So he's doing what you ask, making the efforts, why are you doing the 180 on him?

If there's still stuff he's not doing, bring it up and make your expectations clear.

If you don't want to stay married, that's your perogative. If that's the case, then start the divorce and stop worrying about shooting yourself in the foot. If you do want to stay married, then you're going to need to start working with your husband to regain trust.

Doing a 180 is not an appropriate response for you IMO. He seems interested in doing what you say.

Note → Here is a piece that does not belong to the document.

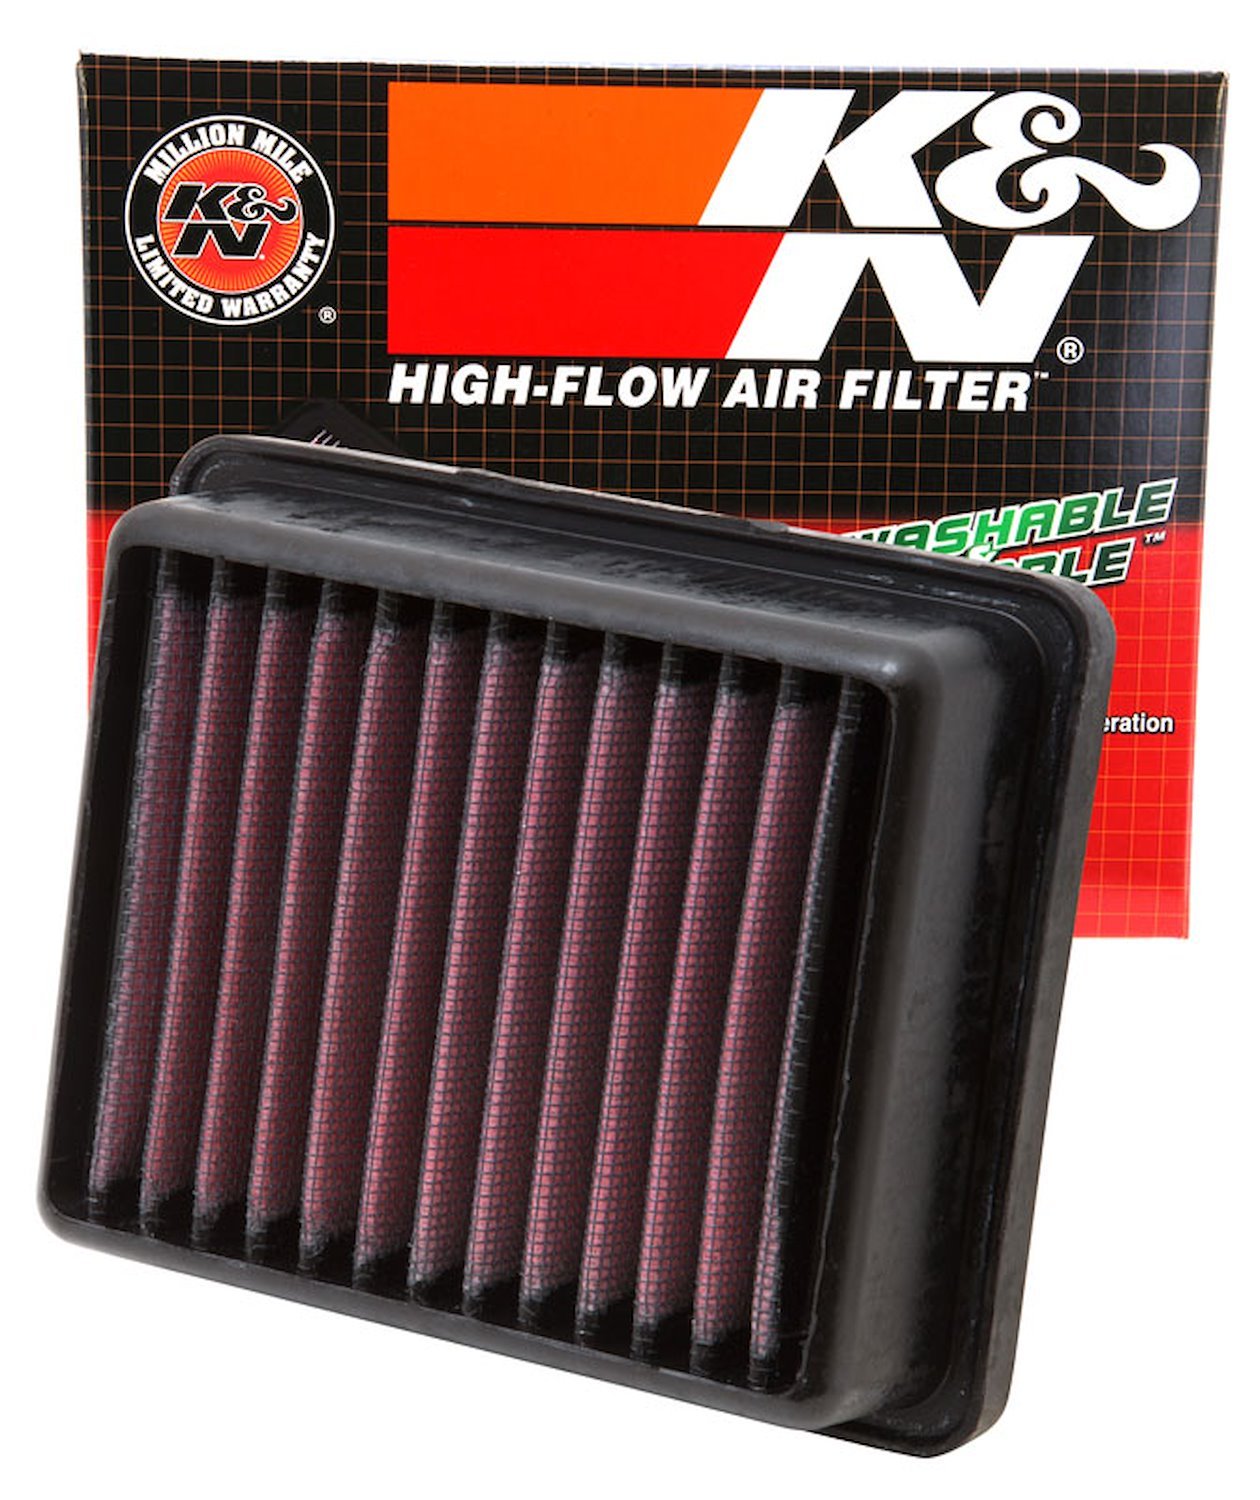 High-Performance Replacement Air Filter 2011-2013 KTM 125 Duke

My advice would be to request his work passwords, and take a look before he has a chance to delete anything. Maybe create some accountability with someone at his work so you can confirm nothing is going on. Definitely you guys need some MC.


----------



## canttrustu (Feb 22, 2012)

COguy said:


> So he's doing what you ask, making the efforts, why are you doing the 180 on him?
> 
> If there's still stuff he's not doing, bring it up and make your expectations clear.
> 
> ...


Yes, he is doing what I asked him to do NOW. But in the beginning he was beligerant and defensive. Said I was just too jealous and basically a wack job. So I started the 180. After a couple of weeks he started to turn around alot. Now he does seem to be trying by doing all of the things I asked but I had to basically shut down on him to get him to take me seriously. So now he is doing what I have asked of him but it's not magic. It doesnt erase the feeling that I was being lied to and deceived. That is what I'm struggling with. Looking him in the eye and wondering what I dont know, what happened today? Am I stupid to even think of trusting you? Are you lying by ommission? All of these thoughts are here and at the same time I am thinking I love you and I want to move on. There is so much that is right between us. Lets just move on. Its like a war raging inside me.


----------



## COguy (Dec 1, 2011)

canttrustu said:


> Yes, he is doing what I asked him to do NOW. But in the beginning he was beligerant and defensive. Said I was just too jealous and basically a wack job. So I started the 180. After a couple of weeks he started to turn around alot. Now he does seem to be trying by doing all of the things I asked but I had to basically shut down on him to get him to take me seriously. So now he is doing what I have asked of him but it's not magic. It doesnt erase the feeling that I was being lied to and deceived. That is what I'm struggling with. Looking him in the eye and wondering what I dont know, what happened today? Am I stupid to even think of trusting you? Are you lying by ommission? All of these thoughts are here and at the same time I am thinking I love you and I want to move on. There is so much that is right between us. Lets just move on. Its like a war raging inside me.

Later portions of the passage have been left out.